> _Supplied material_
'''

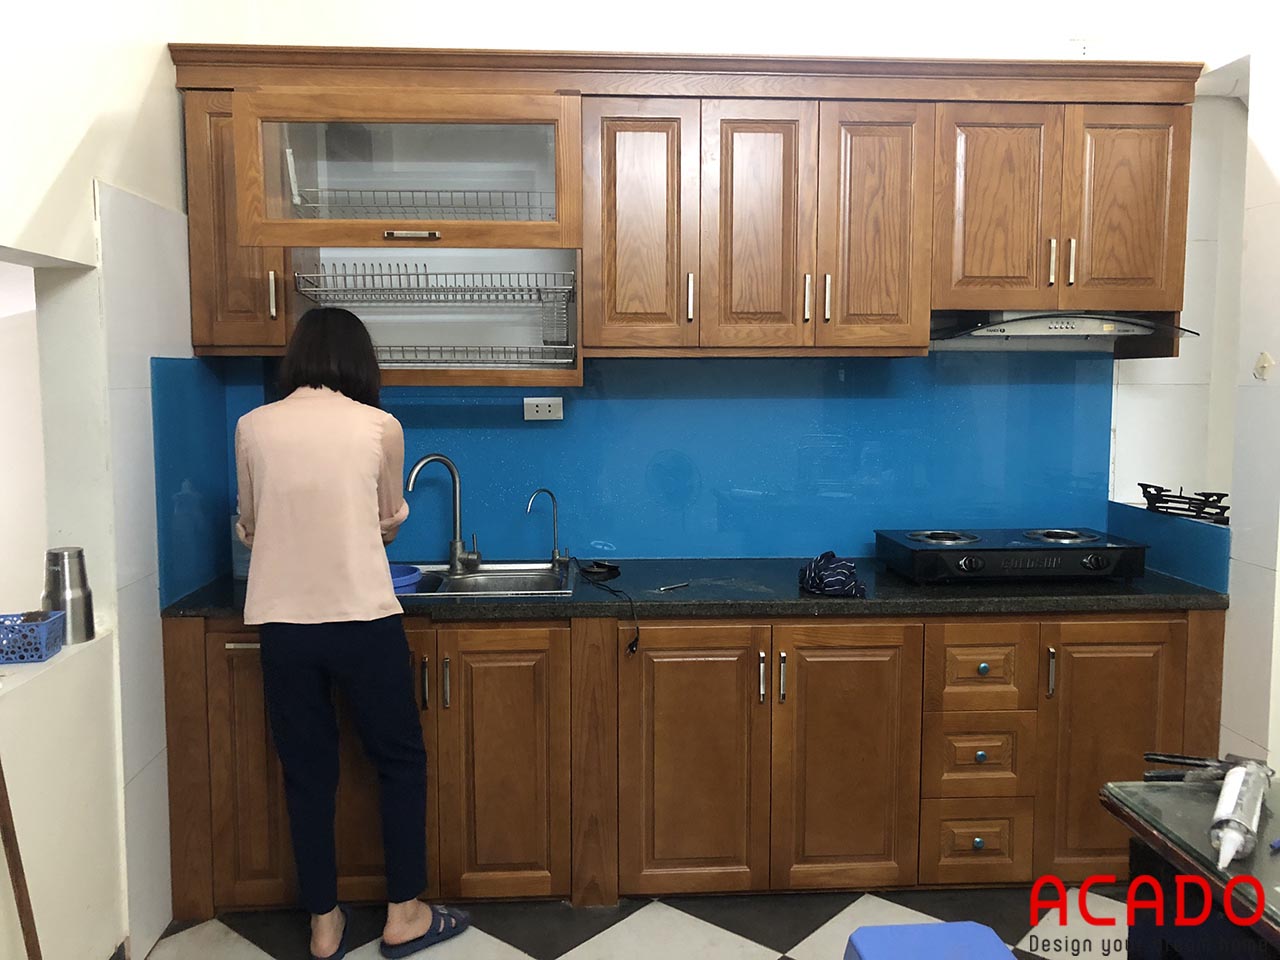 Tủ bếp kính màu xanh dương sang trọng tại ACADO
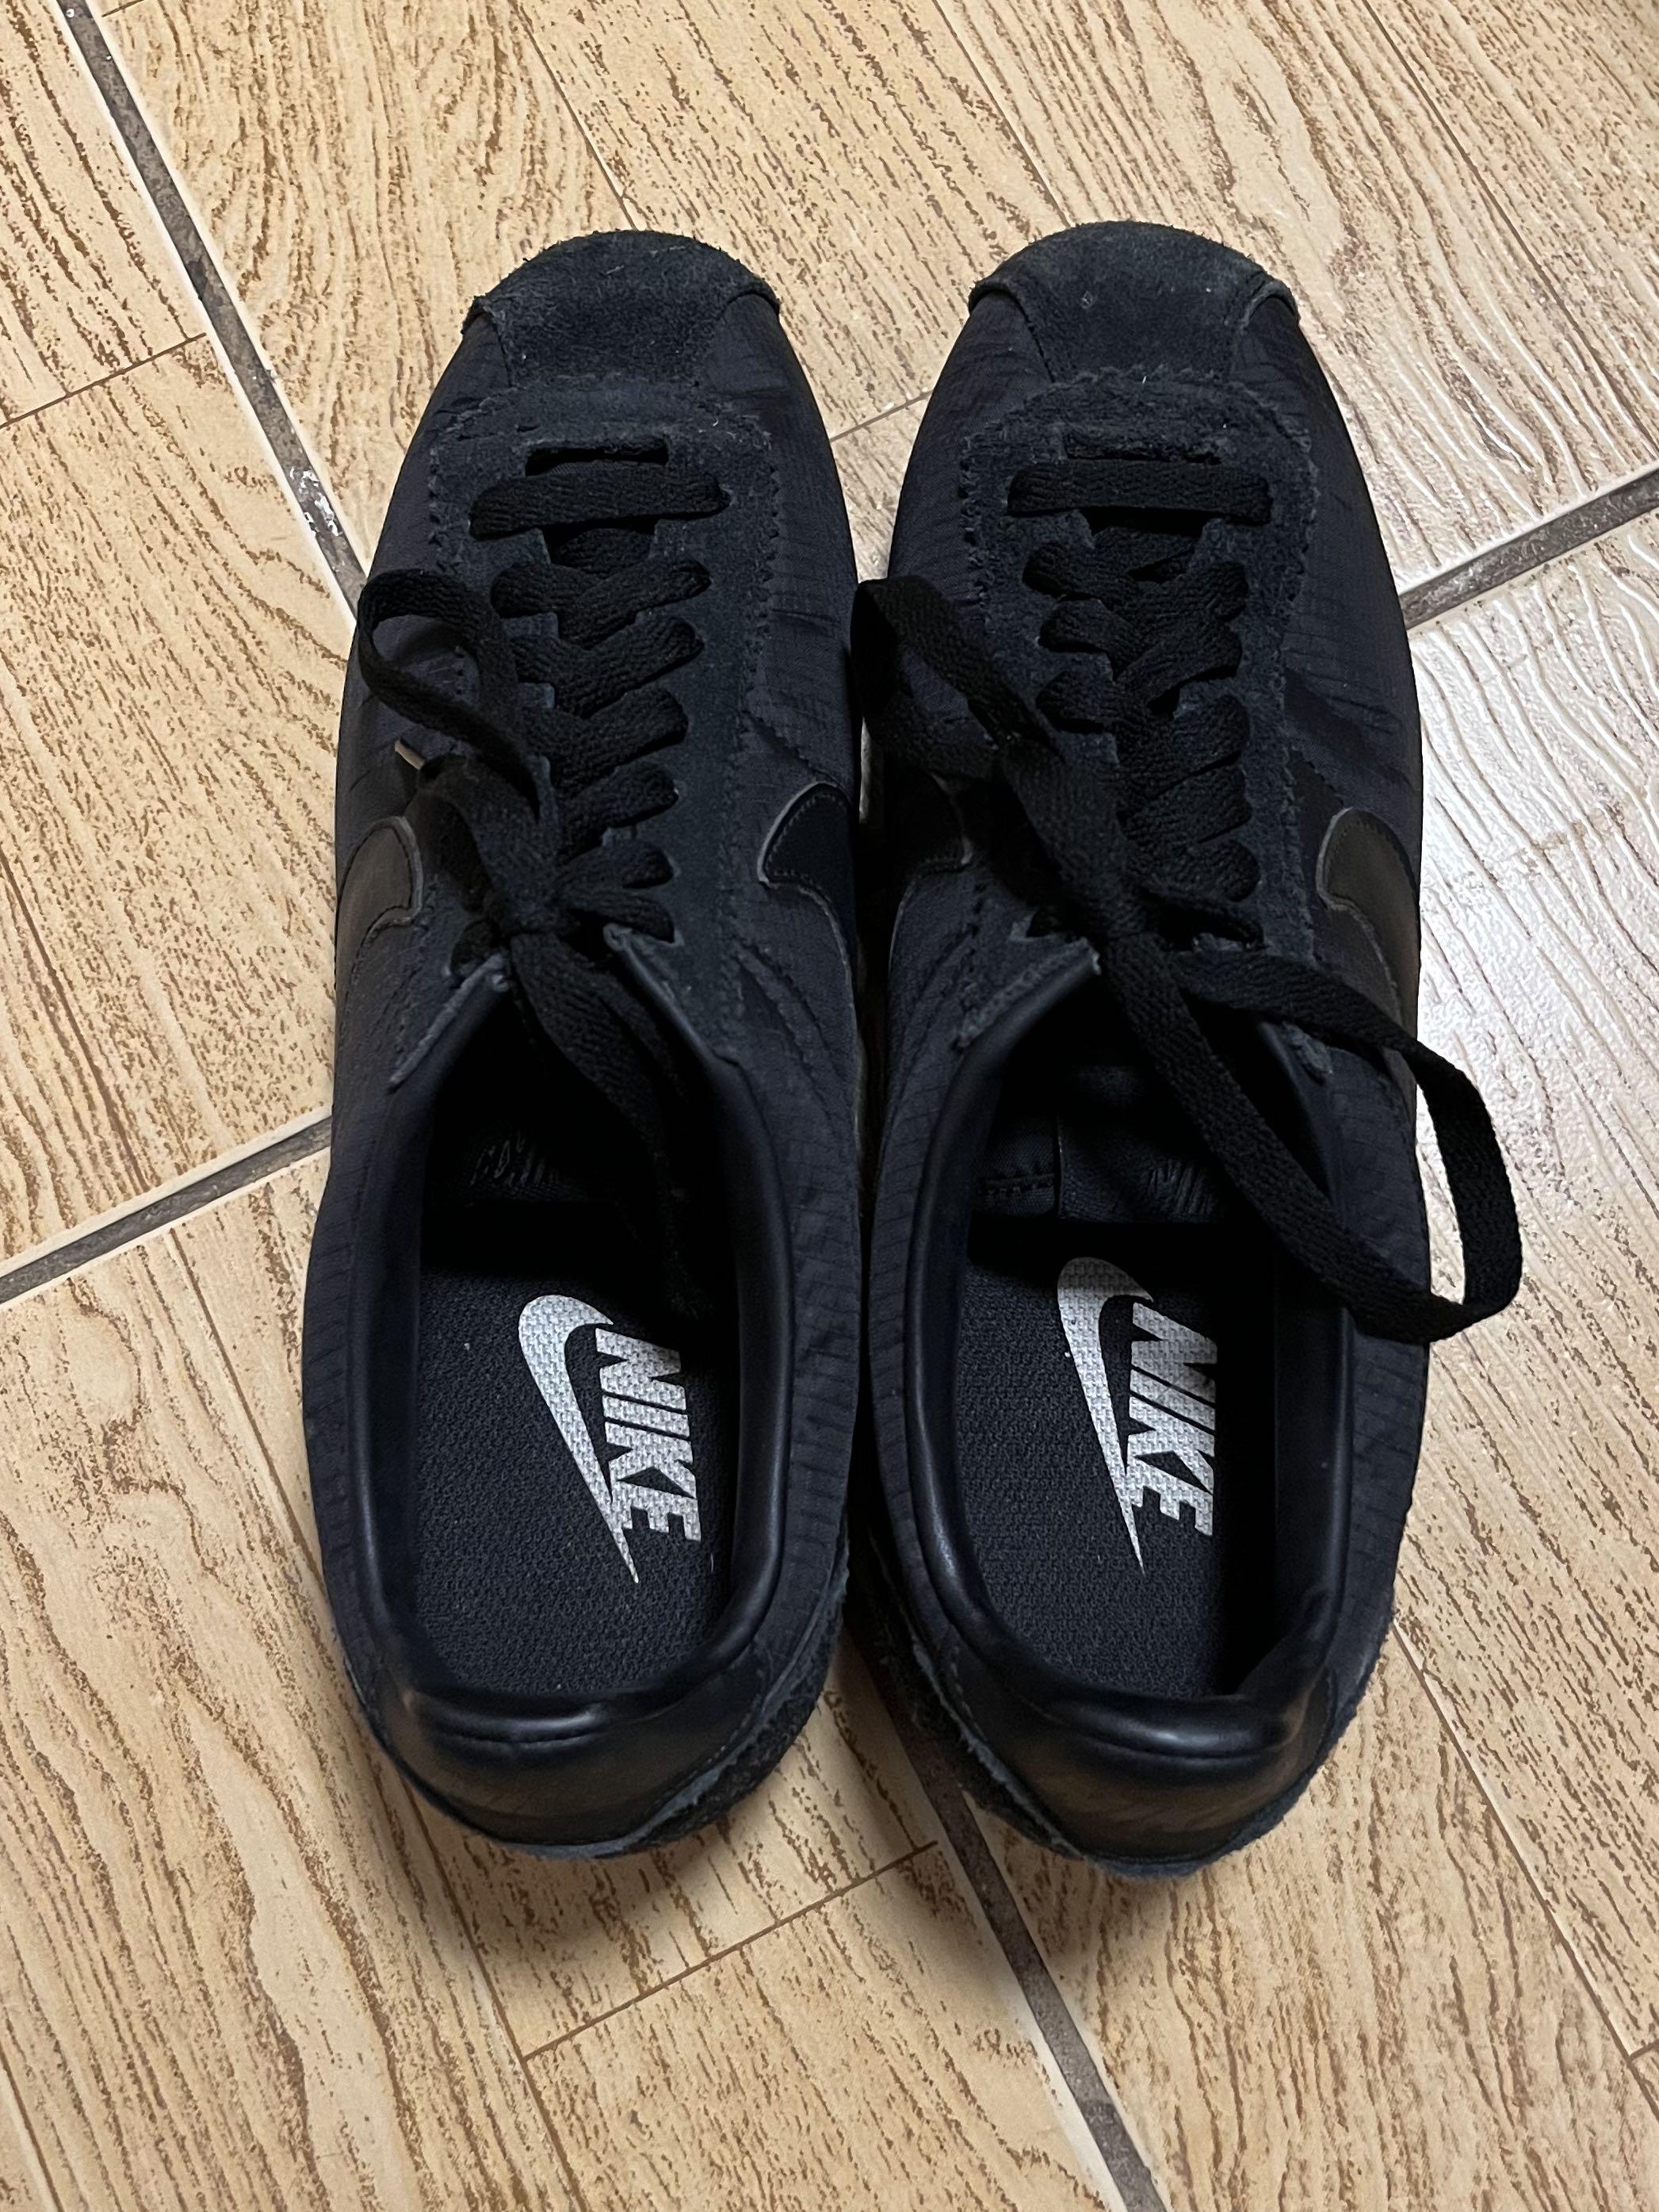 [Nike] Cortez - triple black nylon shoes, Men's Fashion, Footwear ...
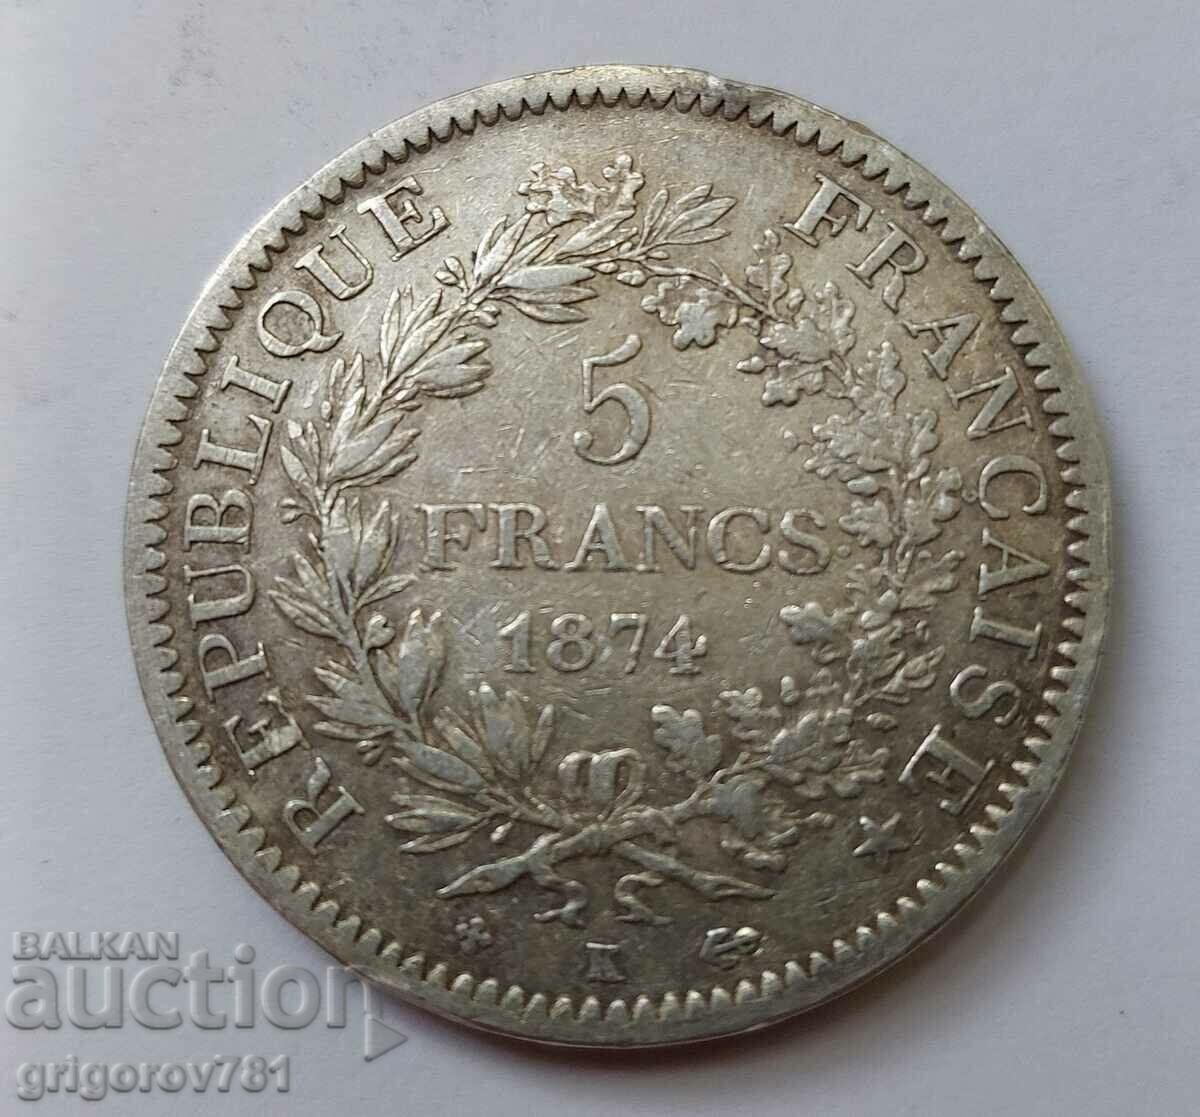 Ασημένιο 5 φράγκα Γαλλία 1874 Κ - ασημένιο νόμισμα # 30

'''

> _What to do_
Where the line containing "[Nike] Cortez - triple" appears above, start there and set down each line exactly through the last line of the data; leave out every picture.

> _Solution to the exercise_
 [Nike] Cortez - triple black nylon shoes, Men's Fashion, Footwear ...
 Ασημένιο 5 φράγκα Γαλλία 1874 Κ - ασημένιο νόμισμα # 30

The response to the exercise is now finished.